If the key is missing, give the user these steps:
1. Create an API key in the OpenAI platform UI: https://platform.openai.com/api-keys
2. Set `OPENAI_API_KEY` as an environment variable in their system.
3. Offer to guide them through setting the environment variable for their OS/shell if needed.

If installation is not possible in this environment, tell the user which dependency is missing and how to install it into their active environment.

### Script-mode notes
- CLI commands + examples: `references/cli.md`
- API parameter quick reference: `references/image-api.md`
- Network approvals / sandbox settings for CLI mode: `references/codex-network.md`

## Reference map
- `references/prompting.md`: shared prompting principles for both modes.

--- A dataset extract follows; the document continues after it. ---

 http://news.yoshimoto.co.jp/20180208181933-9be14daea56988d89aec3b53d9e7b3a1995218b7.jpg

- `references/sample-prompts.md`: shared copy/paste prompt recipes for both modes.
- `references/cli.md`: fallback-only CLI usage via `scripts/image_gen.py`.

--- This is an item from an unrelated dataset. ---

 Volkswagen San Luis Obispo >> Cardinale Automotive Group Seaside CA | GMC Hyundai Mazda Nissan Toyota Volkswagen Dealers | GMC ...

- `references/image-api.md`: fallback-only API/CLI parameter reference.
- `references/codex-network.md`: fallback-only network/sandbox troubleshooting for CLI mode.
- `scripts/image_gen.py`: fallback-only CLI implementation. Do not load or use it unless the user explicitly chooses CLI mode or explicitly confirms a transparent request's true CLI transparency fallback.
- `$CODEX_HOME/skills/.system/imagegen/scripts/remove_chroma_key.py`: local post-processing helper for built-in transparent-image requests.